## [Action item]
Keep to the lines from the one with "SABLYN Margarita High" through the end of the data, and write them out exactly.

## [Given information]
▬▬▬▬▬▬
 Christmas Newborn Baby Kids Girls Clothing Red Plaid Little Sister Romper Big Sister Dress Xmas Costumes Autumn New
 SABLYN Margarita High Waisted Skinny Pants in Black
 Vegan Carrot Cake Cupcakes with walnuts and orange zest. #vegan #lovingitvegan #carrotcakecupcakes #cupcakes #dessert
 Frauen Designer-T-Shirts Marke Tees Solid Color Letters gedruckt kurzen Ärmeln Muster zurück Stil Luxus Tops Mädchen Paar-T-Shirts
▬▬▬▬▬▬
## [Expected answer]
 SABLYN Margarita High Waisted Skinny Pants in Black
 Vegan Carrot Cake Cupcakes with walnuts and orange zest. #vegan #lovingitvegan #carrotcakecupcakes #cupcakes #dessert
 Frauen Designer-T-Shirts Marke Tees Solid Color Letters gedruckt kurzen Ärmeln Muster zurück Stil Luxus Tops Mädchen Paar-T-Shirts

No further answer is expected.